The data and metadata (while in transit, in storage, and in use) processed and generated by public clouds: public cloud providers combine a variety of technologies, such as VPN, data leakage prevention, enterprise digital rights management, multi-location backup, and encryption. Public cloud access points: public clouds use service access controls based on identity and access management (IAM) technologies to ensure that only authorized users and applications gain access to the relevant functionality and data. Securing their various application programming interfaces (APIs) is also becoming a priority. Public cloud supply chains: to ensure that no provider in the chain weakens the secure provision of cloud services, the supply chain includes security-centric service providers such as those that provide single sign-on or identity management services. Based on the various resources at their disposal in terms of technology and expertise, public cloud providers claim that they are at least as secure as most internal data centers. They point out that the specialization, homogeneity, automation, and centralization that public clouds offer increase security. They can remain tightly focused on their particular offering, which they can easily and rapidly update or upgrade in case of a problem, whereas enterprise IT staff have to take a more generalized approach. Providers also rightfully assert that, while some public clouds have been used as platforms for malware, they are mostly used as platforms for a new generation of security-related services (such as identity management services, disaster recovery, antivirus, and application security testing) to secure both private and public clouds. For example, SaaS application security testing provider VeraCode achieved a sevenfold increase in revenue bookings in 2009. Most of its revenue comes from large organizations, mainly in the financial services and government sectors, that demand that a security code specialist independently examines software (for both on-premise and SaaS configurations) before they will buy it.

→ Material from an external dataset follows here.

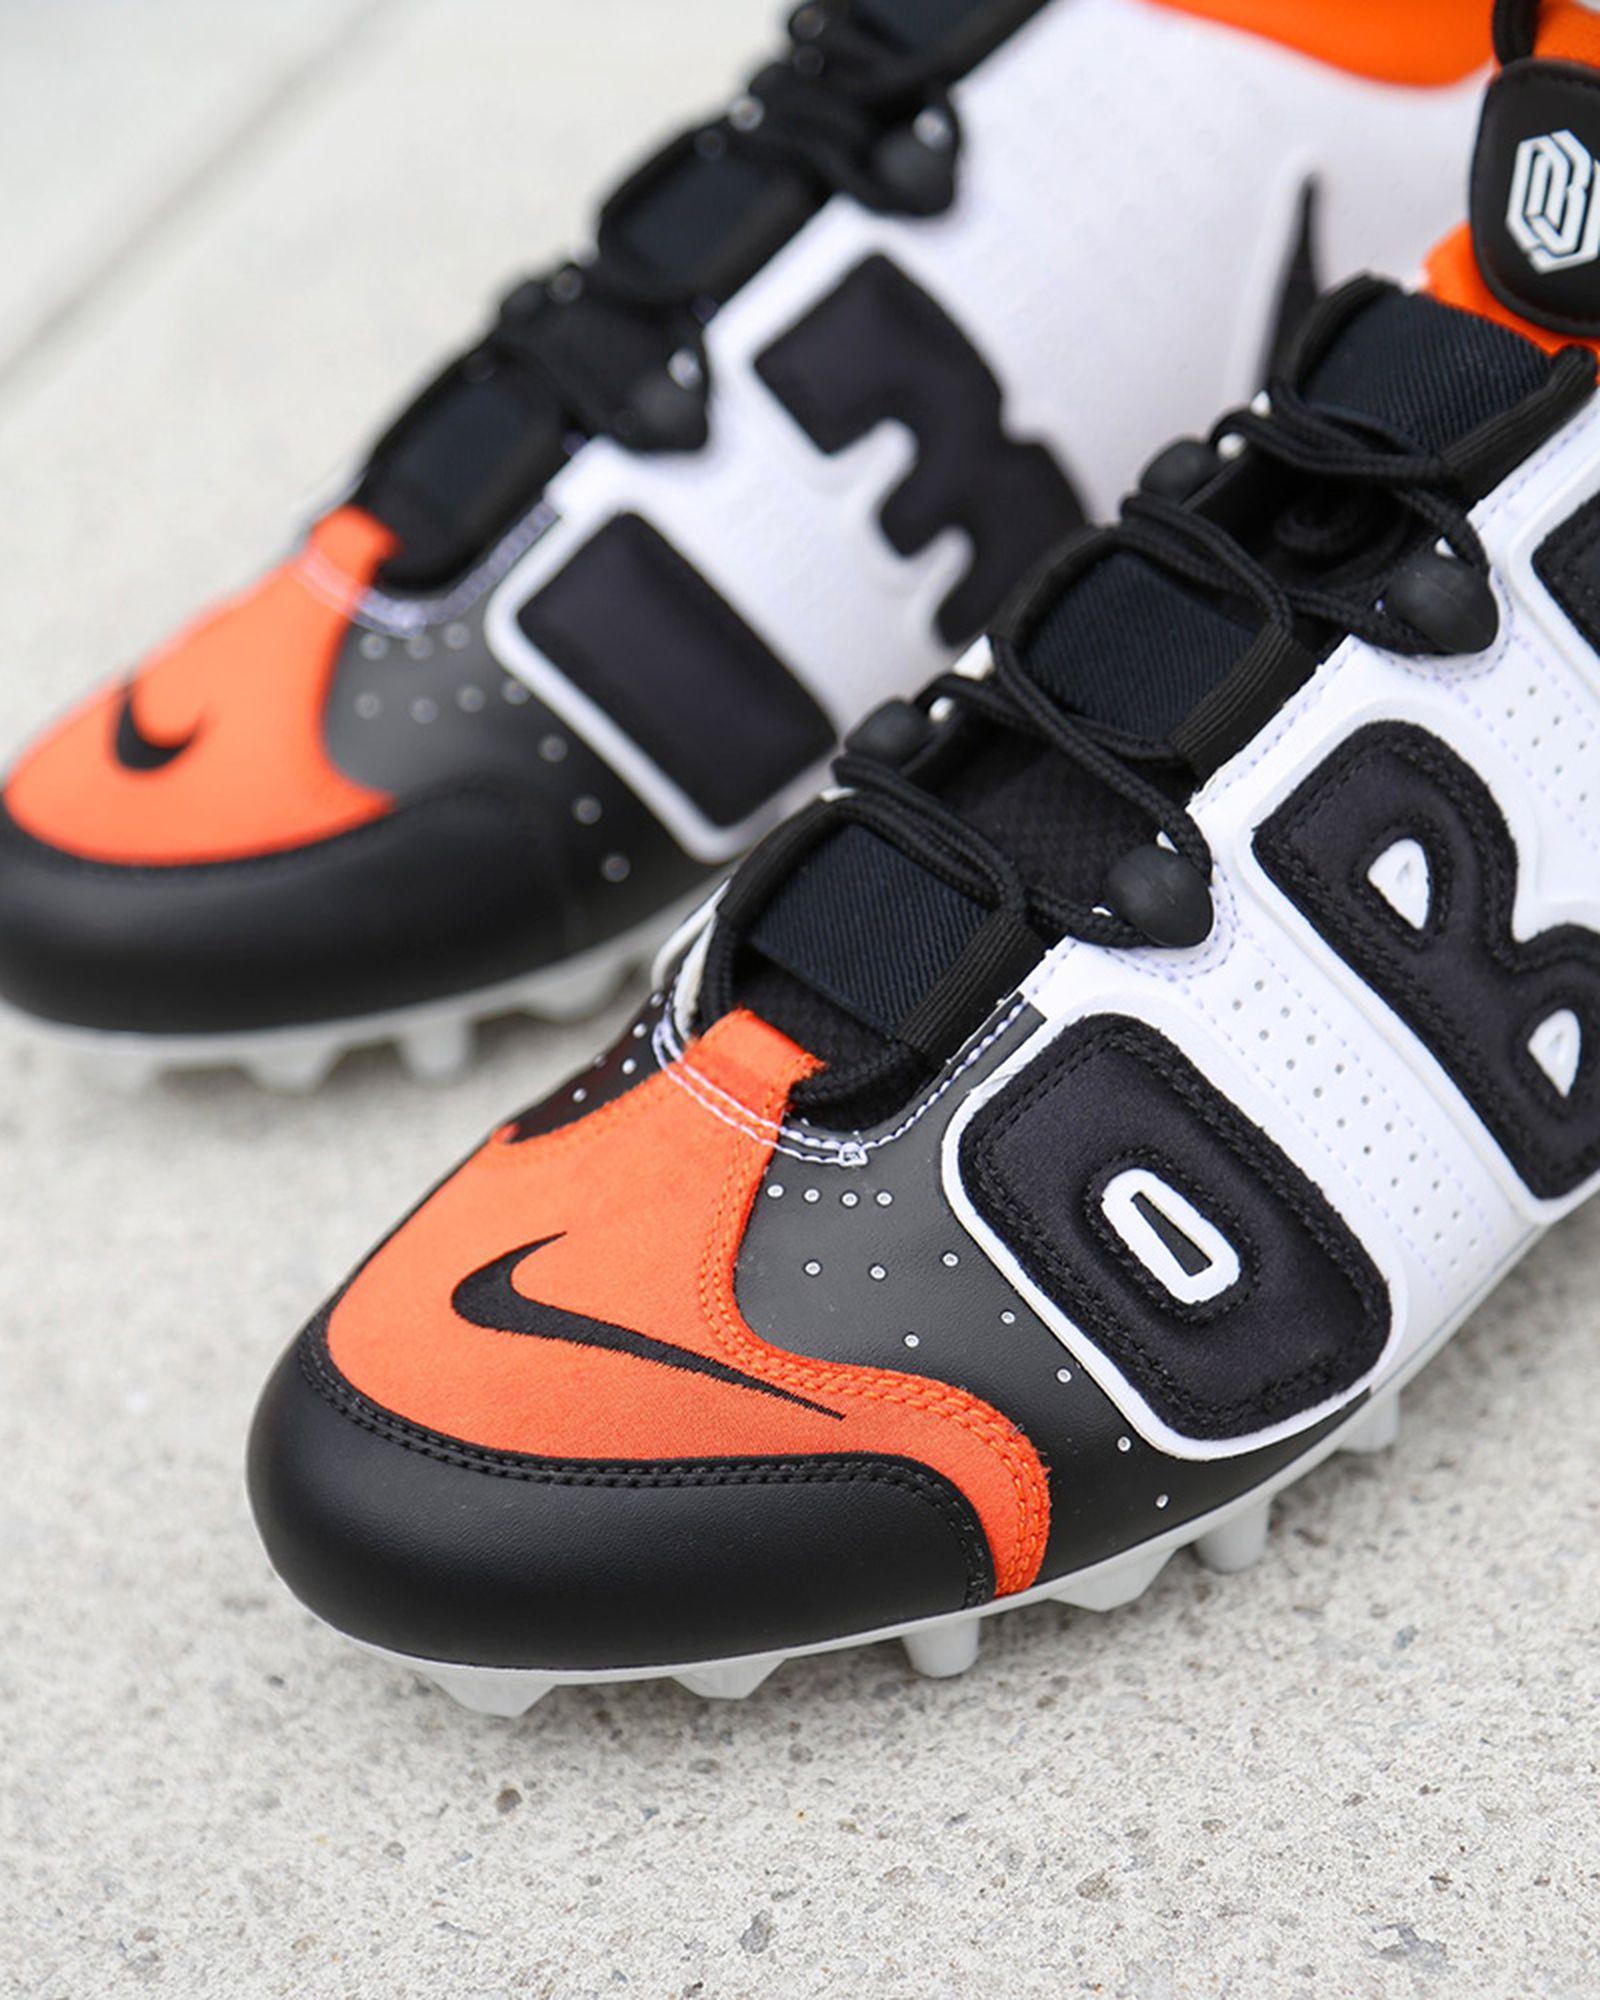 odell beckham jr shattered backboard pe cleats Nike OBJ Odell Beckham Jr.

Public clouds security credentials will take time to mature


Overall, public cloud security needs to improve at a variety of levels: Security measures: for example, public clouds currently do not have particularly strong authentication and encryption capabilities. They also use technologies such as virtualization, ID federation, data privacy, and API security, which need to mature and require better standards. The growing complexity of public cloud supply chains complicates things further. Security information: many service providers are reluctant to supply details about the way that they secure their offerings, hanging on to the discredited myth that security is impaired if you disclose your security procedures. They should shift from assurances to accountability and be more open on a variety of issues such as internal procedures (for example, the power they give to system administrators), access to log files, and the security technologies they have selected. Standards and best practices: these are lacking. Public cloud providers usually mention SAS 70 Type II and ISO 27000 standards, but these are not cloud-specific and can be implemented in a piecemeal fashion. Public cloud service providers are slowly improving at all levels, owing to the barrage of scrutiny to which they are subjected. They have started cross-industry efforts such as the CloudAudit initiative, which aims to provide a common interface and namespace for public cloud providers to automate the Audit, Assertion, Assessment, and Assurance of their environments via an open, extensible, and secure interface and methodology. Overall, however, their efforts will take time to mature. In the meantime, enterprises need to familiarize themselves and keep up with the security measures in place.

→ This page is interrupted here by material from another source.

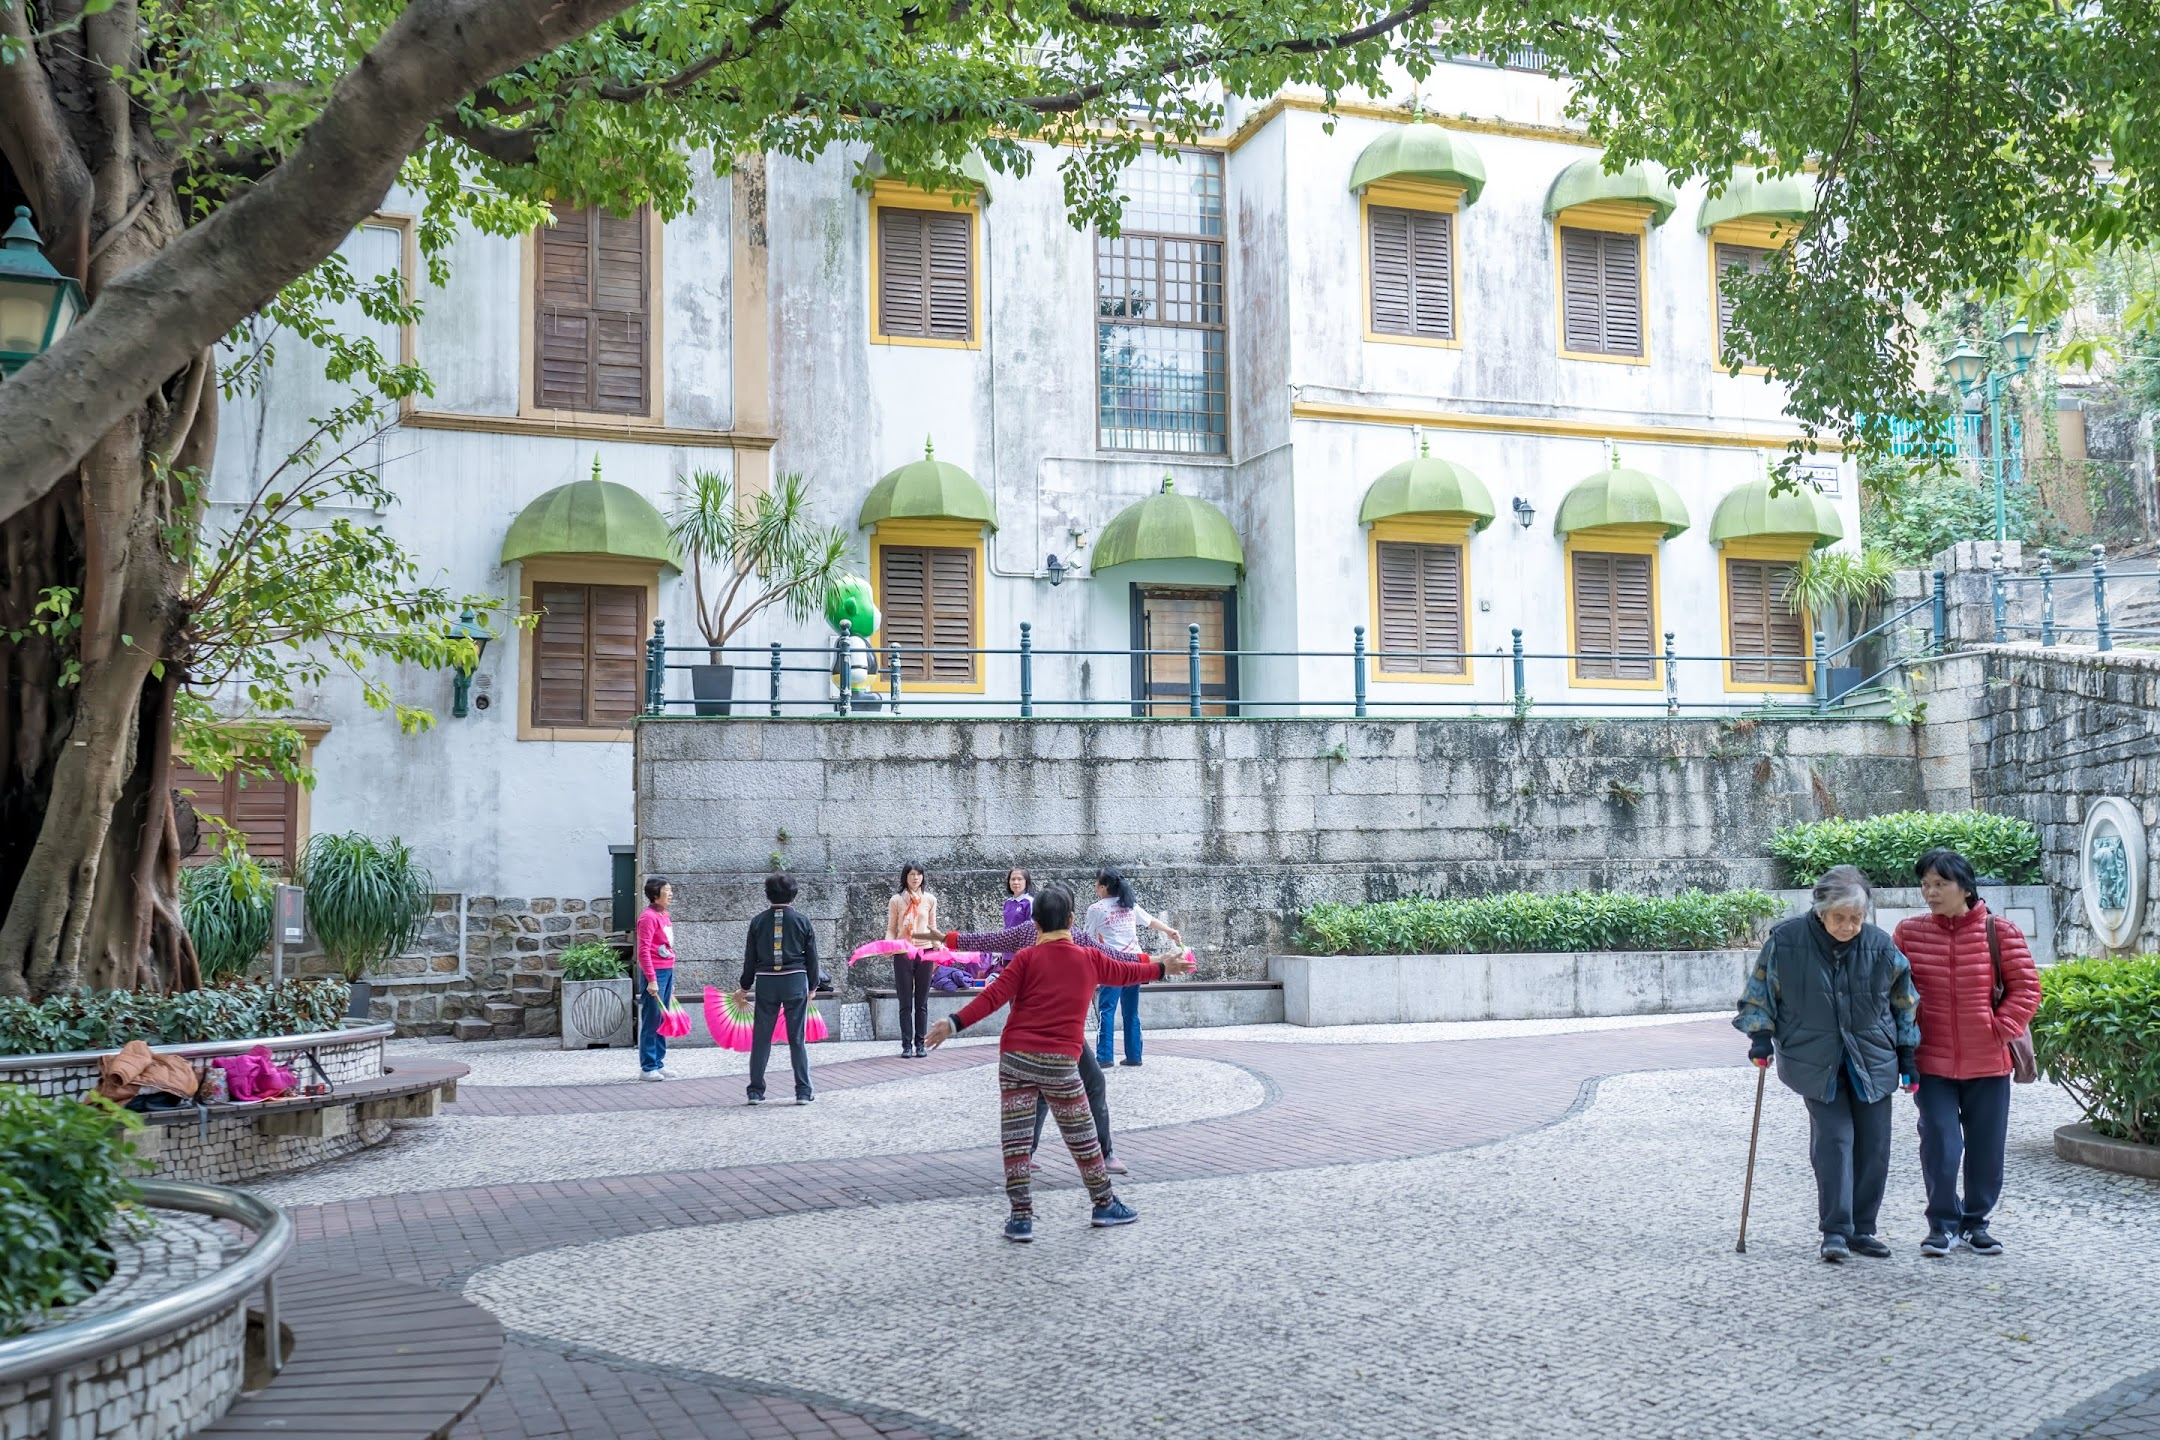 Macau Lilau Square/亞婆井前地/Largodo Lilau

Public cloud security begins at home


Public cloud security is an extension of internal security efforts
Public cloud user security should rely on strong internal security practices to avoid public cloud users becoming the weakest link in the public cloud security chain. (This is currently the case, as public cloud use is often on CIOs and internal security teams radars.) It should be woven into the multiple layers that underpin internal security continuous monitoring, data encryption and backup, and controlled virtual machine image creation, for example. The challenge for public cloud providers is to make sure their security measures are not only effective, but also usable: they should not require internal security overhauls.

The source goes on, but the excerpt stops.